Answering such questions and determining the historical contribution of large national programs is difficult. Comparisons are necessary across countries with different types of programs or with no programs. Analysts have generally relied on a reputational measure of "program effort," produced by rating 90 or so national programs with regard to the access they provide to contraceptive methods, their management effectiveness, their efforts at informing and educating people, and a number of other such dimensions, 30 in all. Analysis of program effort scores confirms that programs have been more active in more advanced developing countries. Socioeconomic development allows programs to operate more efficiently and, in leading to lower fertility preferences, to be more effective at providing contraceptive services. But relatively high levels of development, although helpful, do not appear to be essential. Bangladesh, one of the world's 20 poorest countries, has a program rated among the 10 best in the developing world and has seen a substantial decline in fertility over the last decade.

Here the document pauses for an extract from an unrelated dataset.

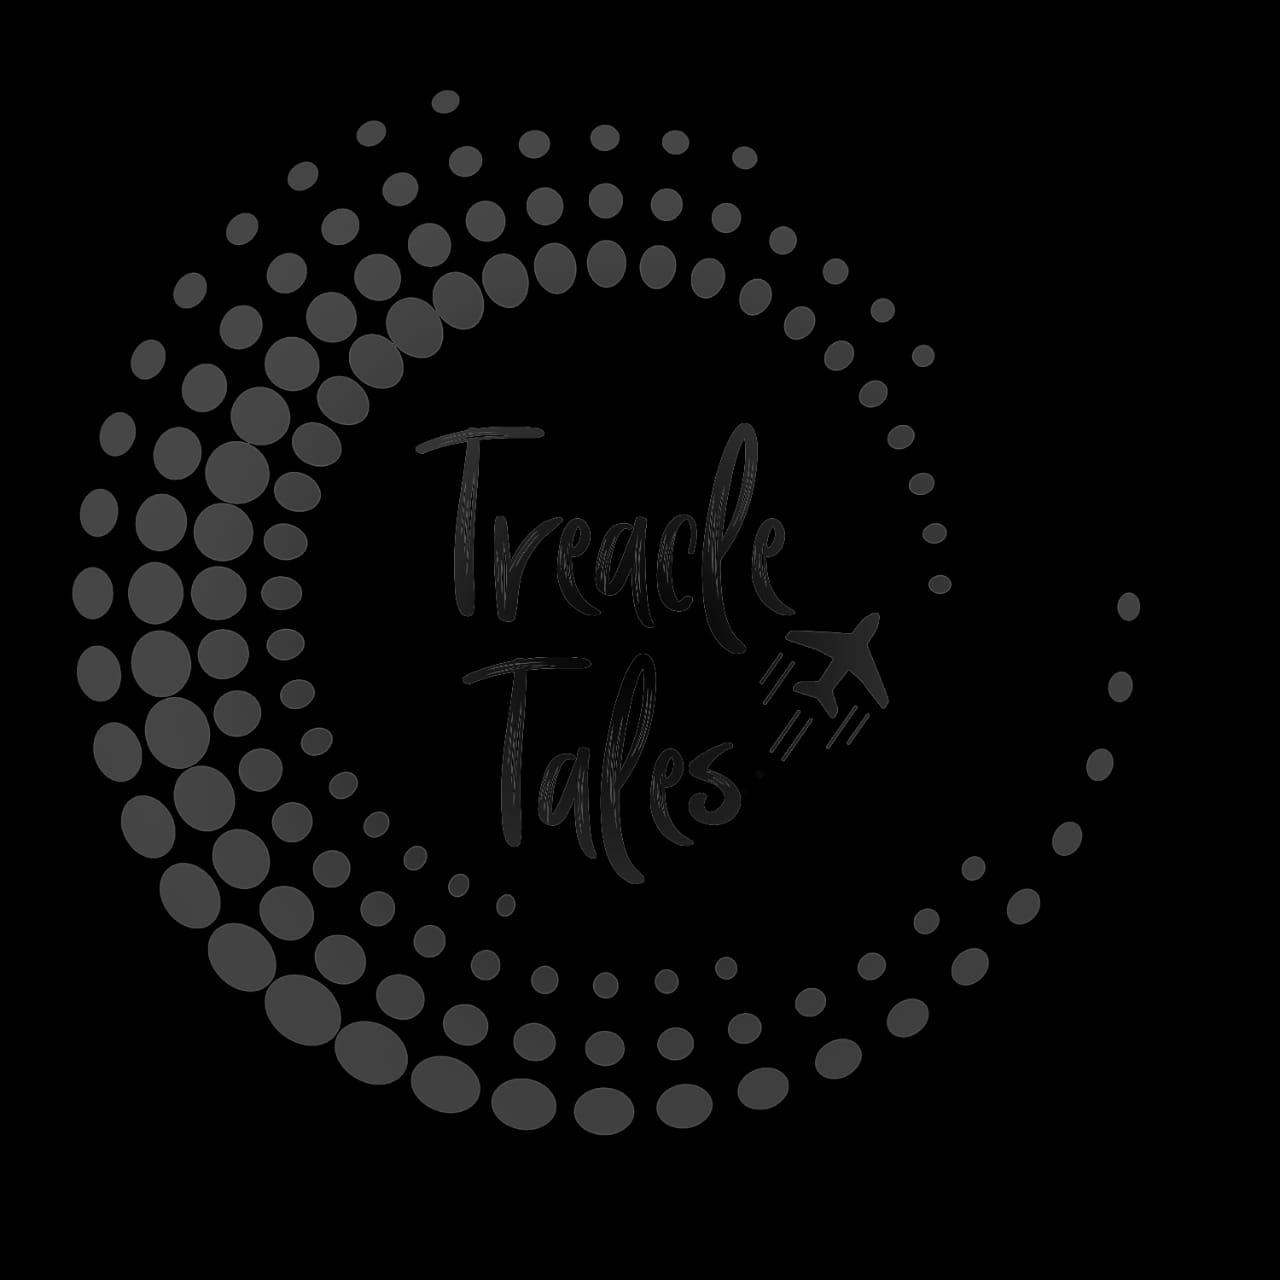 Treacle Tales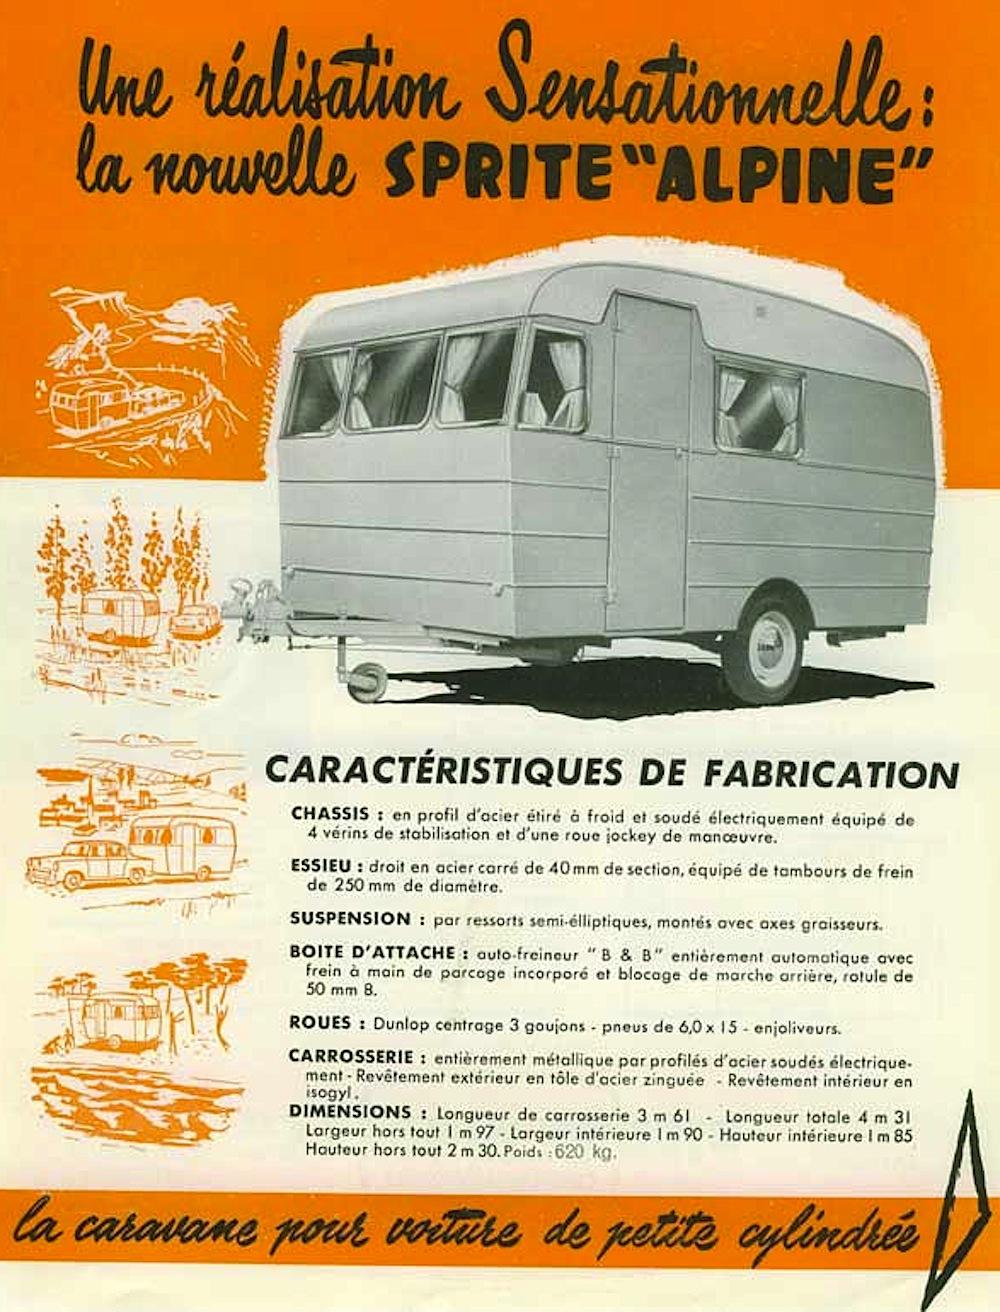 1590994490_sprite-alpine.jpg

Multivariate statistical analysis suggests, in fact, that family planning programs do contribute independently to reduced fertility, even when the effects of socioeconomic development are accounted for. Cross-sectional regressions indicate that effective programs have a smaller effect than such factors as rising levels of female education but still reduce fertility - net of such other factors - by perhaps one-and-a-half births per woman. Skeptics put the reduction at only one birth instead but do not deny it exists (Pritchett, 1994a, 1994b). The reduction is in the region of 40 percent of the fertility decline in developing countries from the 1960s to the end of the 1980s (Bongaarts, forthcoming).

Cross-national statistical analysis, like experimental work, therefore indicates that family planning programs contribute to contraceptive use and lower fertility. But both types of studies agree that the contribution is contingent. Programs are not uniformly successful; their effects are influenced by the social context (level of development, cultural factors, political support) and depend on program performance (on the quality of program effort, the design of interventions, the adequacy of supervision of service providers, etc.). A brief overview of these factors affecting program effectiveness helps clarify when and why programs work.